VOA English has 58 such partner stations, according to the Board’s
own research website, in 48 countries from the Philippines to
Guyana. Other language services send programs to hundreds of
stations, including national and local stations in the Balkan
languages destined to cease radio broadcasts: Albanian, Bosnian,
Croatian, Greek, Macedonian, and Serbian. Unless next year’s
budget reductions are reversed, those programs will no longer
be produced. Relays to affiliated stations in the Balkans will
cease just as the US backed Kosovo negotiations reach a critical
phase.
°
Shortwave is essential to any long-range international broadcasting
strategy. To quote a leading American authority on international
broadcasting, Kim Andrew Elliott (kimandrewelliott.com), it
acts as a “failsafe” in times of crisis. No other
broadcast technology can vault borders over such great distances
and reach listeners when martial law is declared in a country
or when its government cracks down on dissenting voices and
opposition media. When crises erupt or local media are censored,
listening to shortwave surges.
°
Announcements on shortwave have alerted American citizens in
times of crisis and possibly saved lives. In the 1980s and early
1990s, VOA transmitted information about staging points for
emergency evacuations from Iraq, Kuwait, Pakistan, Lebanon,
and Jordan. If, because of budget cuts, VOA’s frequencies
are relinquished to others, they won’t be available to
the United States when most needed. An indispensable “failsafe”

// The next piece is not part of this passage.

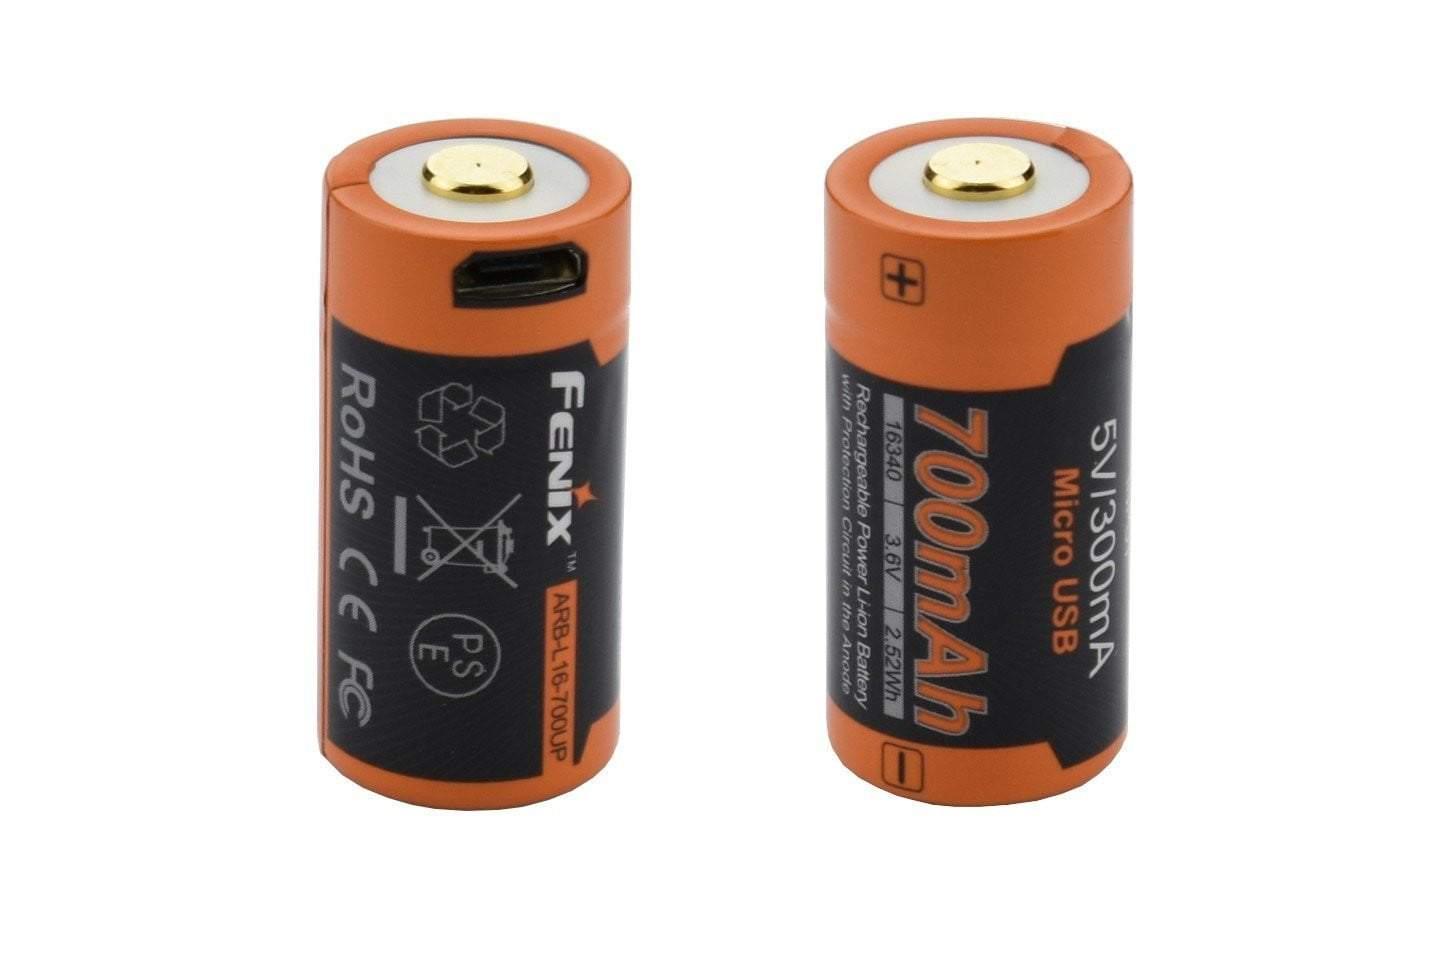 ARB-L16-700UP - Batterie 16340 Li-ion 700mAh Micro USB Site Officiel FENIX® - Votre boutique en ligne Fenix®

in future crises will be gone. Not all American citizens abroad
have access to the Internet and many, including military personnel
and Peace Corp volunteers, still depend on shortwave.
°
Shortwave audiences, in fact, are those VOA and other international
broadcasters most cherish. Many are the influential, usually
highly educated elites—government and media leaders and
opposition politicians most curious about the world beyond their
own countries. Listeners to VOA include the Dalai Lama, the
presidents of Afghanistan, Albania, Iraq and Georgia, and not
so long ago, Saddam Hussein. Speakers at last November’s
Conference on International Broadcasting and Research (CIBAR)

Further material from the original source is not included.